EXERCISE BRIEF: Please, could you print all the lines below exactly, leaving out the pictures?

DATA BLOCK:
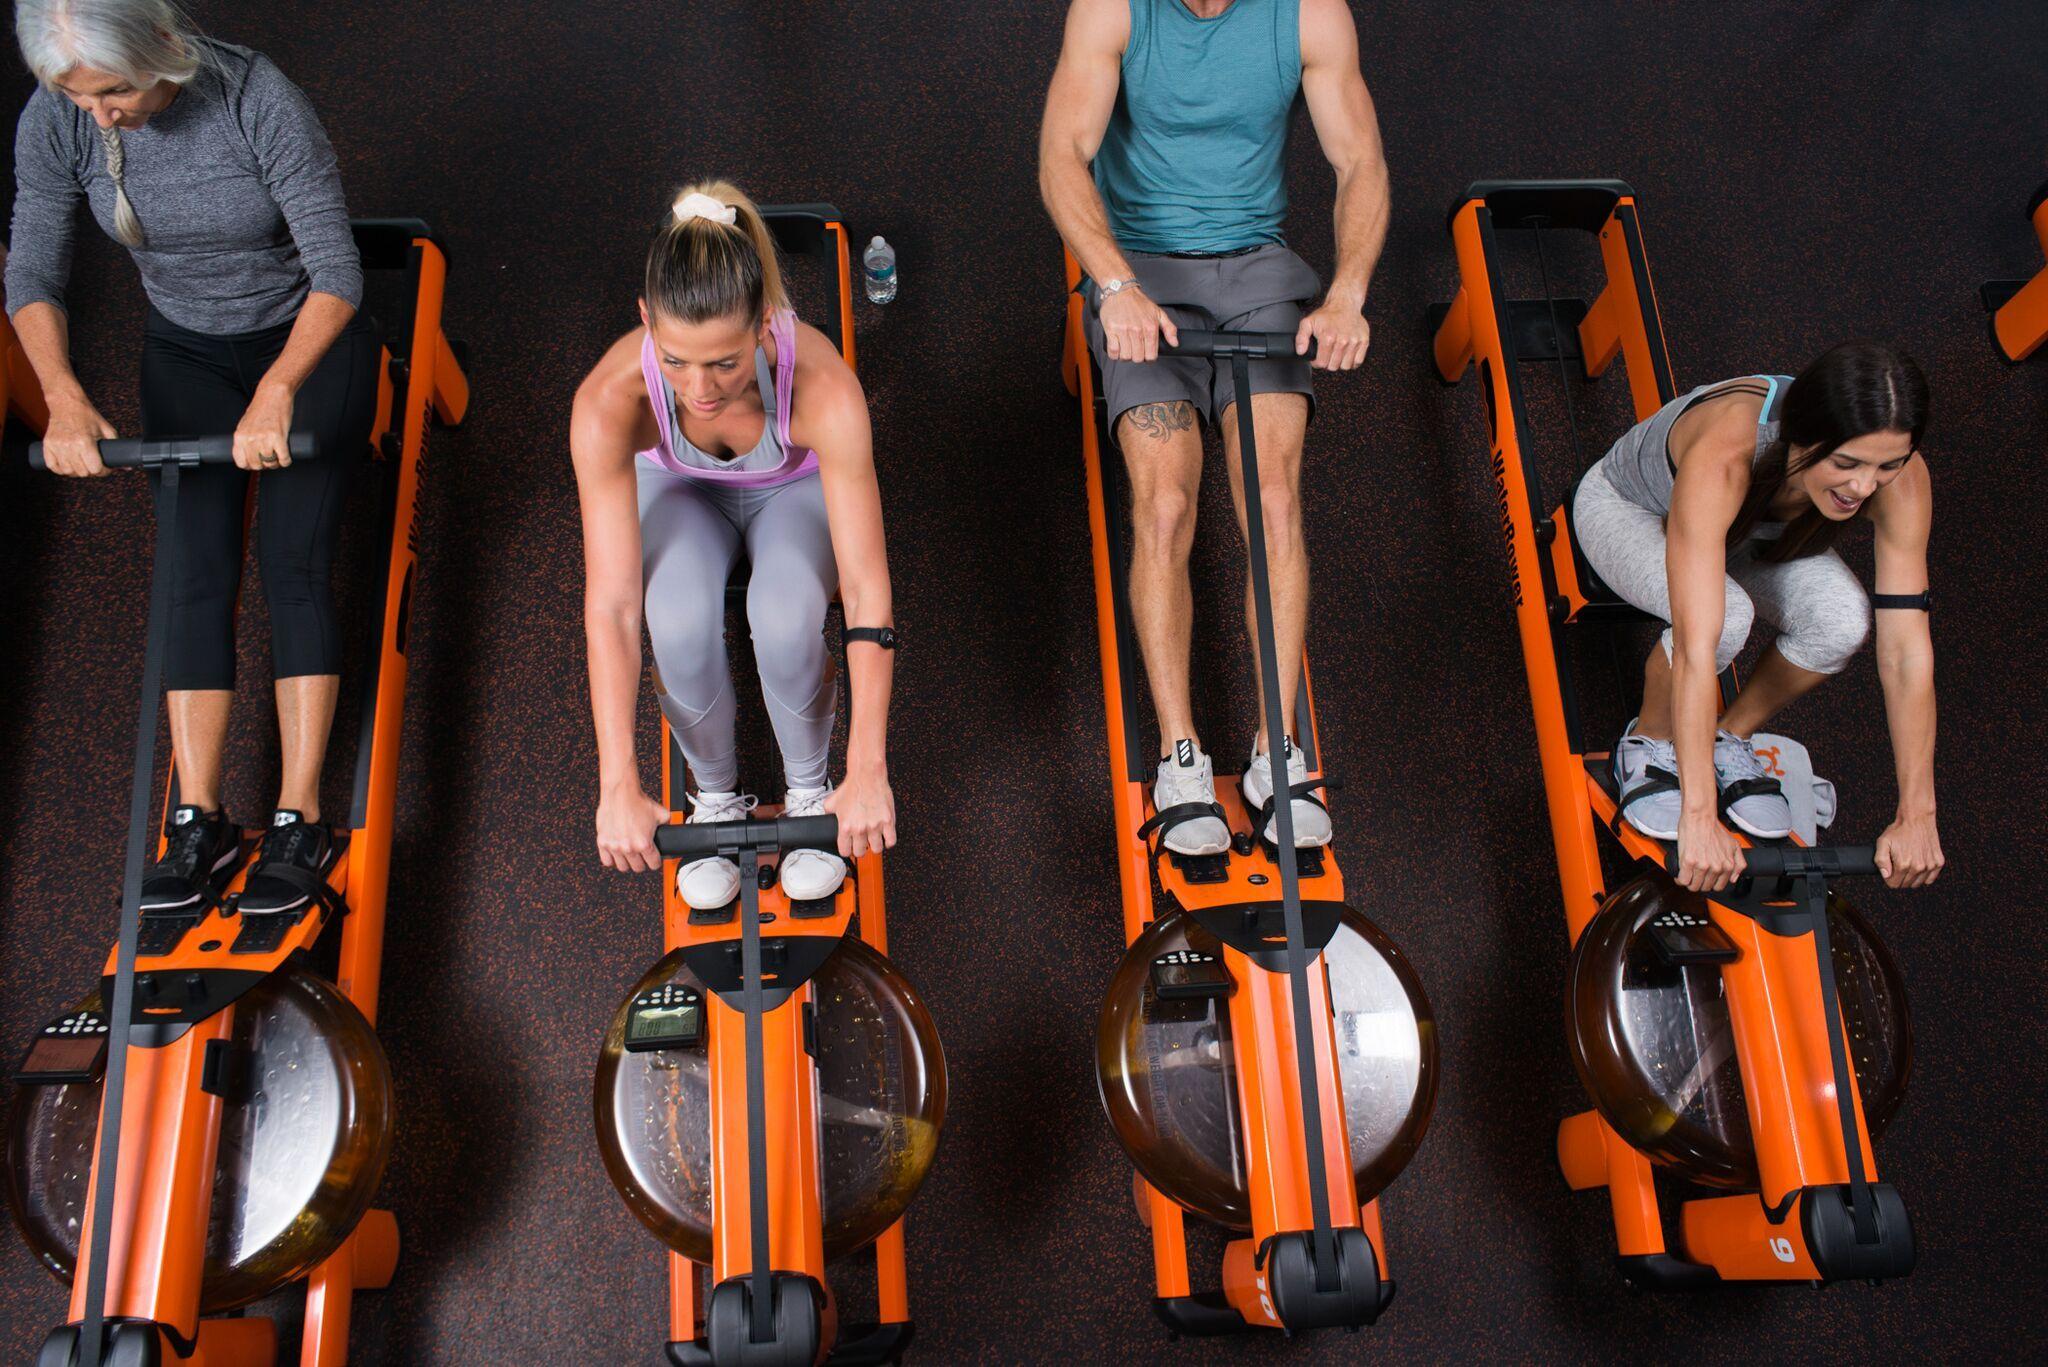 Concord Ma Fitness Gym Orangetheory Fitness Orange Theory Workout Gym Workouts Fitness
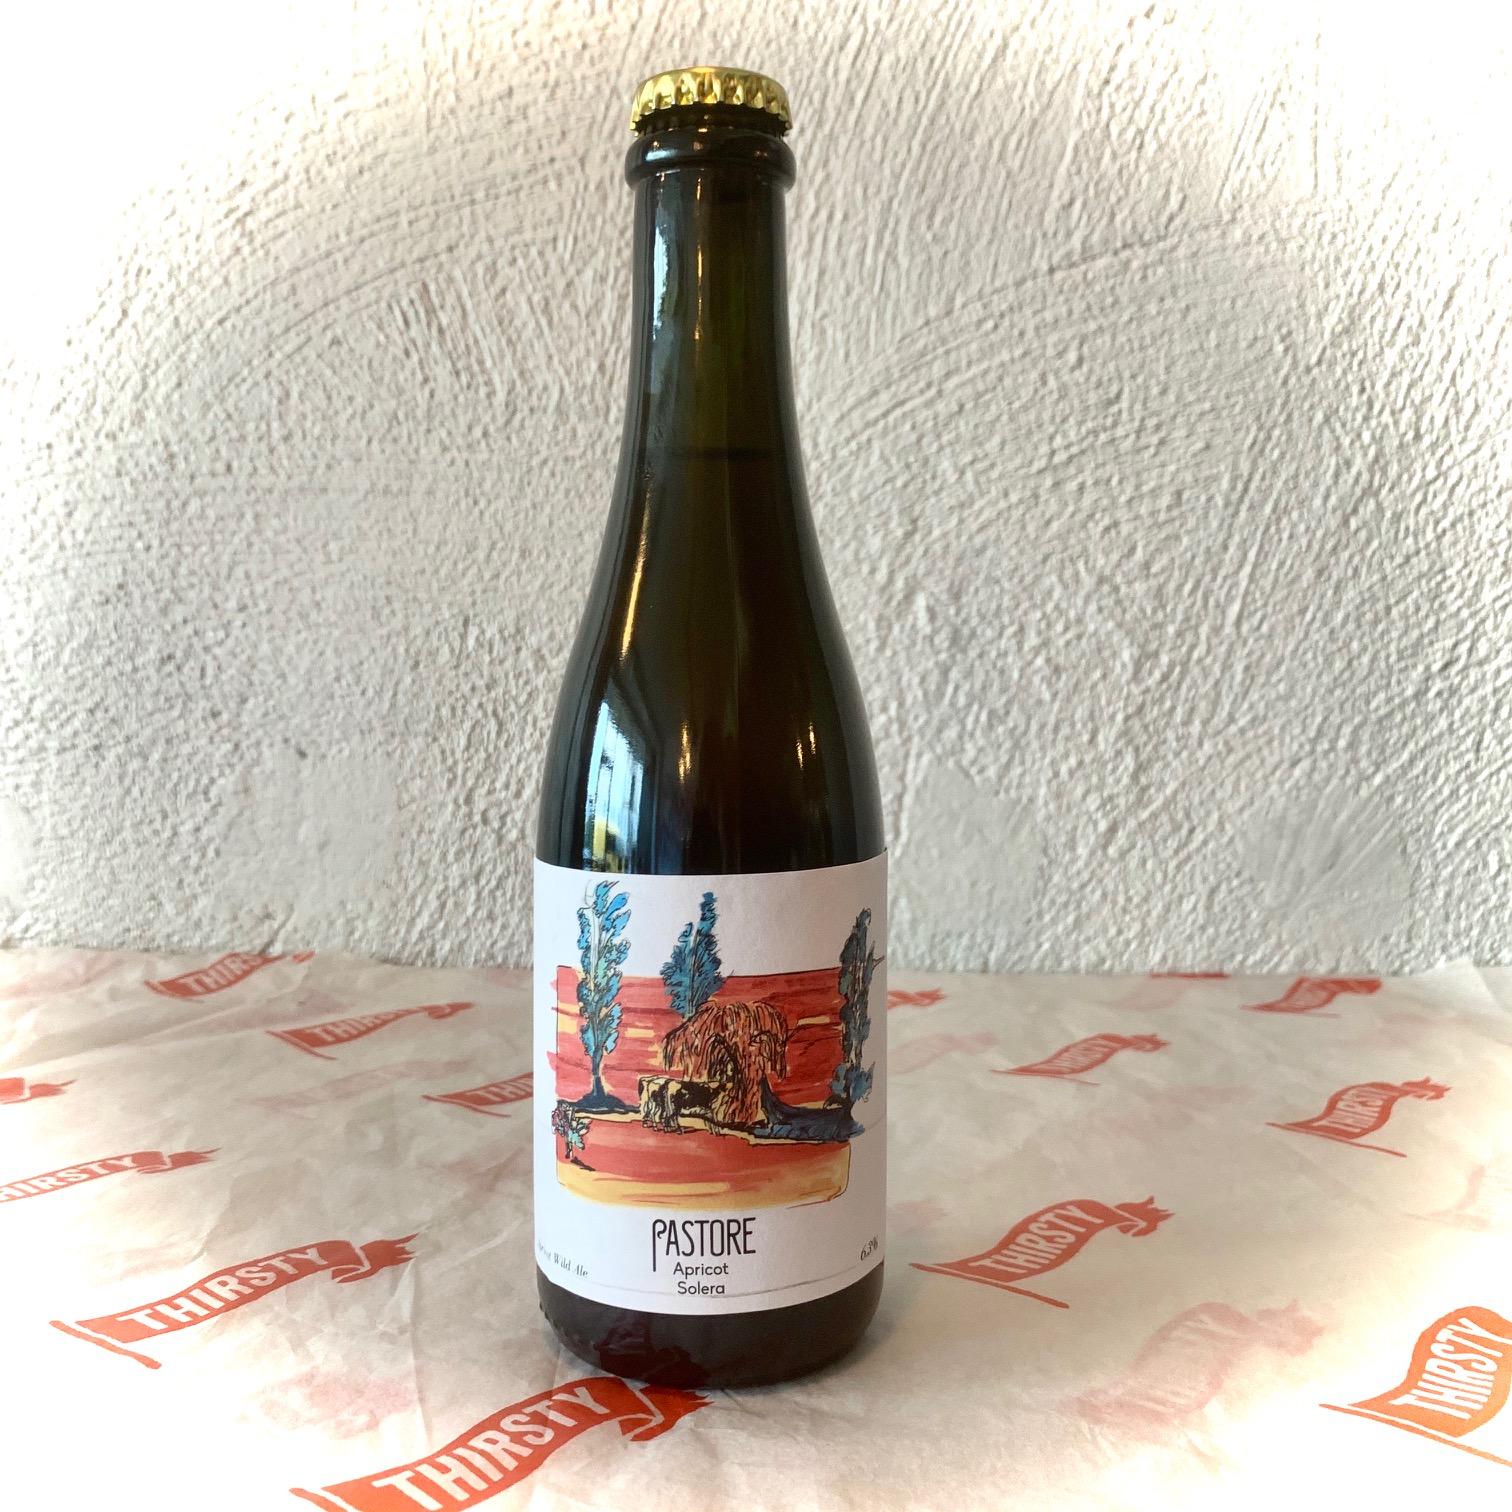 Pastore | Apricot Solera | Wild Ale with Spanish Apricots 6.3% 375ml
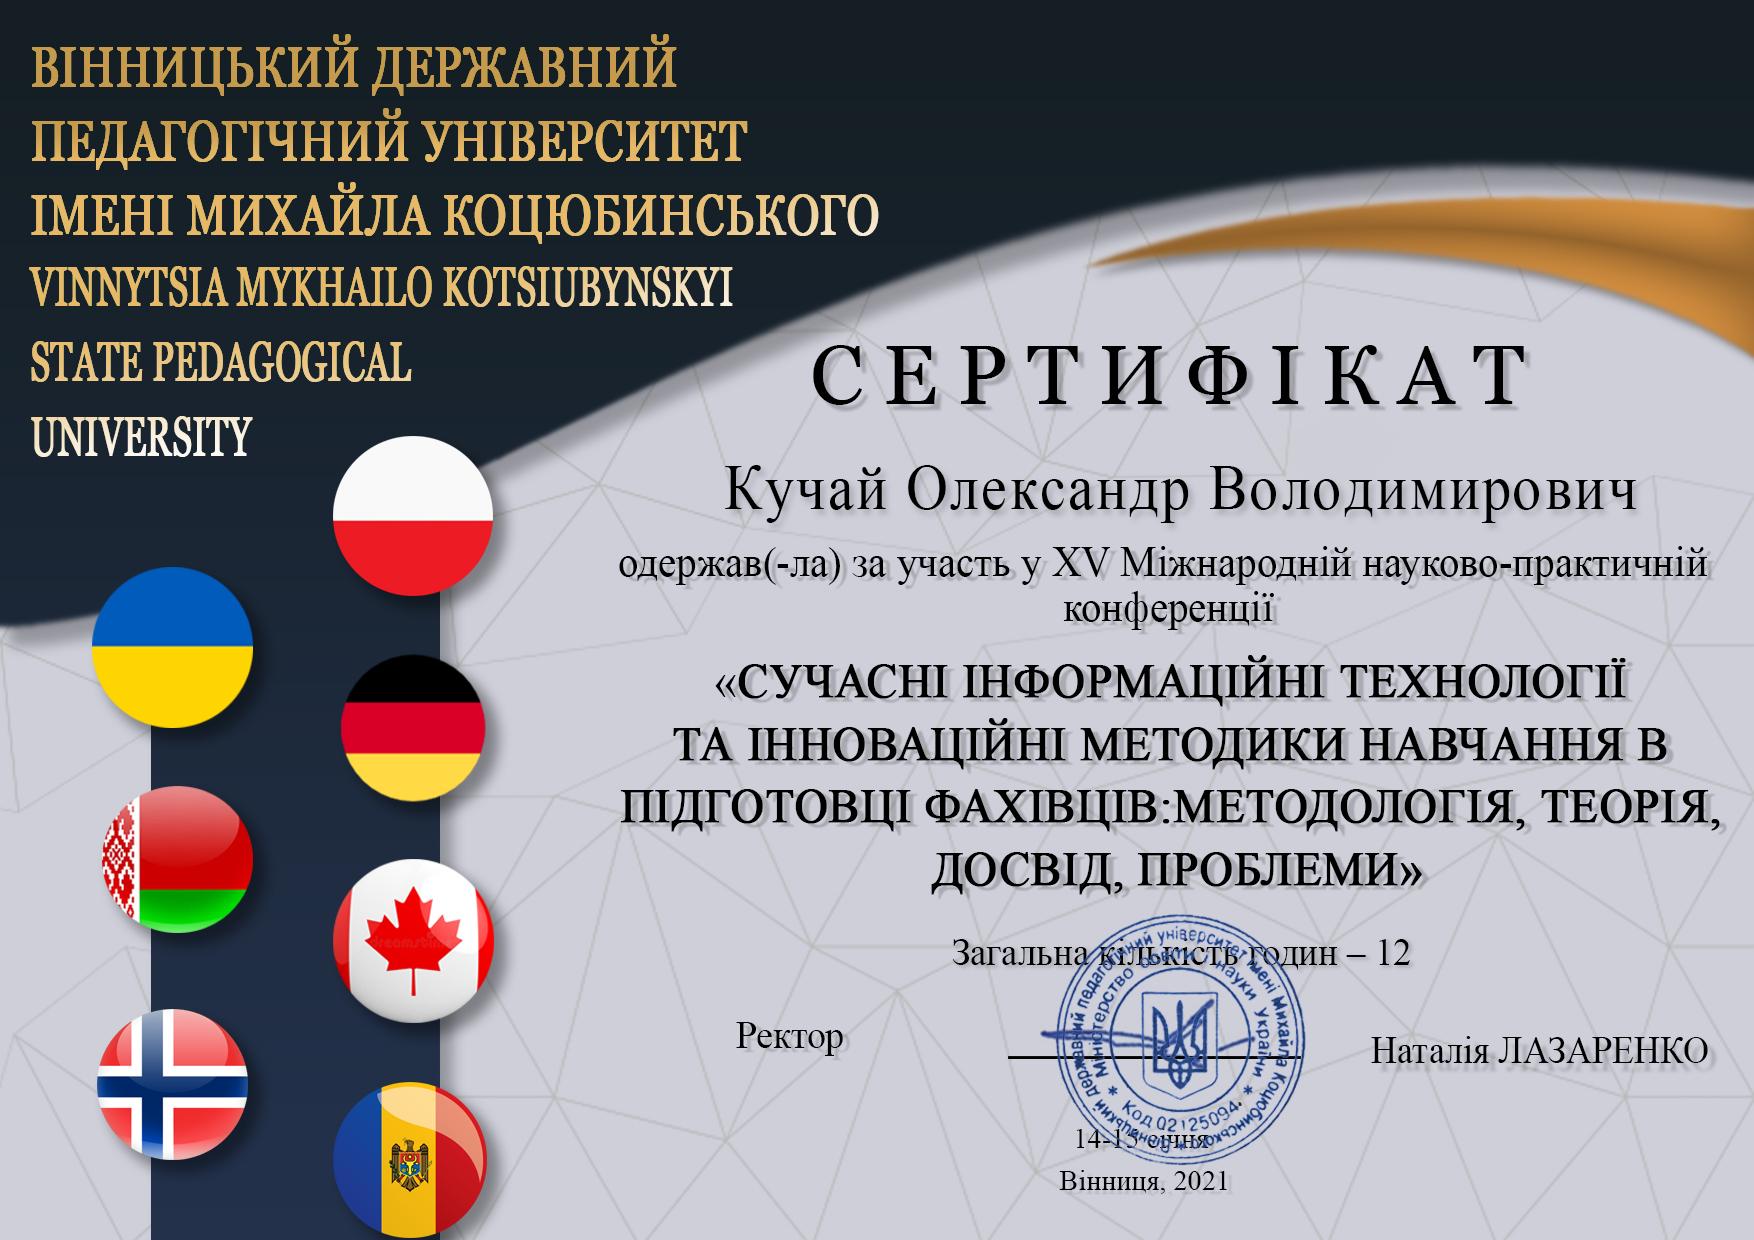 Кучай Олександр Володимирович

EXERCISE ANSWER:
 Concord Ma Fitness Gym Orangetheory Fitness Orange Theory Workout Gym Workouts Fitness
 Pastore | Apricot Solera | Wild Ale with Spanish Apricots 6.3% 375ml
 Кучай Олександр Володимирович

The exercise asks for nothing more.